VHE Heat Transfer Buffer (HTB7)
Heat Exchanger Examples
HTB7 is an heat transfer buffer, that collects and stores heat until an optimum amount is reached and then that heat is transferred to another place.
App. Diagram 7
Main Parts:
EXH (input) Exhaust Heat
PH (input) Propellant Heat
HEXT (output) Heat Extraction
EXPS Expansion Space
SS Solar Salt in oil
SEN Temperature Sensor
Each of the cells is immersed in the same oil container, so that good heat exchange between all internal parts is achieved.
You may have a simpler solution that is less material intensive.
Because of it's high specific heat, using a container that only contains Glycerol is also a solution to be considered, which would simplify the design dramatically.
HTB7 Description:
In App.
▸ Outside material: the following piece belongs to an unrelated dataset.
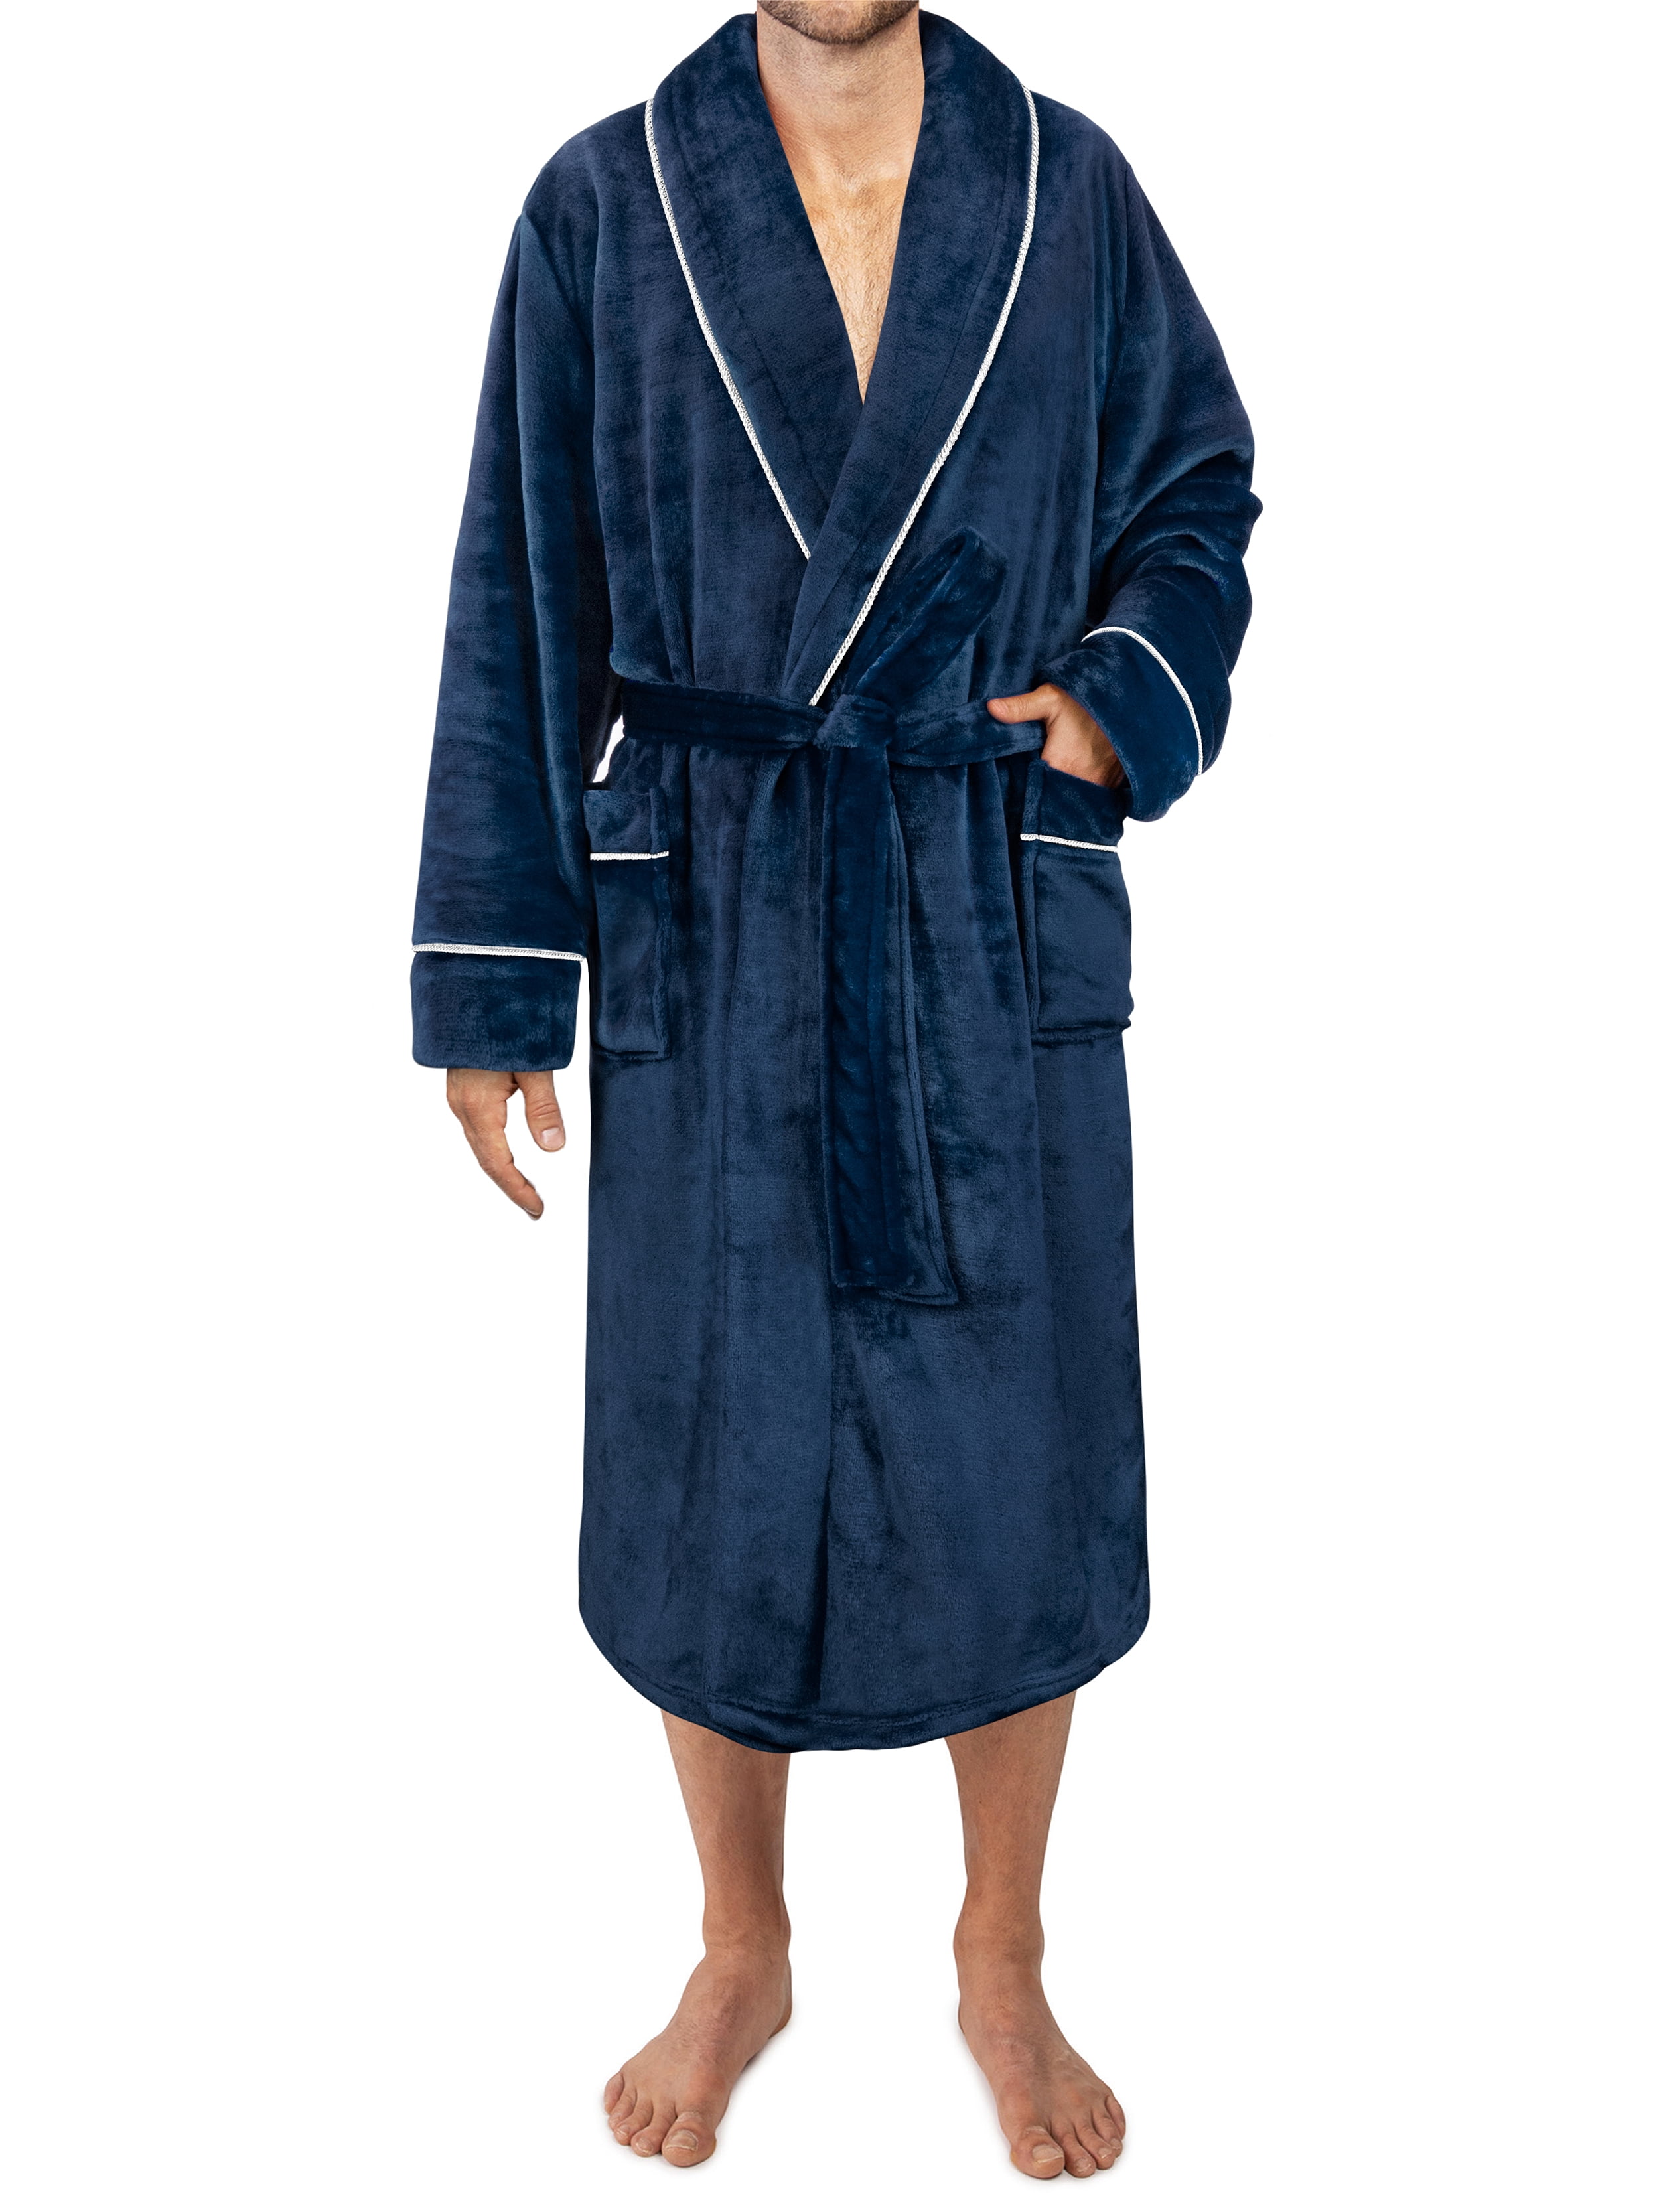 Bumplebee Mens Fleece Hooded Robe Plush Collar Shawl Bathrobe Soft Warm Long Sleeve Dressing Gown

Diagram 10, the Burner has a fossil fuel inlet that is the primary energy supply to the system.
Vapor (steam or alcohol) is used as the propellant to drive the Turbine.
Alcohol vapor means 20% higher vapor pressure or 20% more vapor through put rate is used.
Water vapor is the one that every one likes to use, because it is the most documented.
Water vapor requires an high temperature, which means that a lot of extra heat is generated that may not be usable, if there is no secondary stage for it.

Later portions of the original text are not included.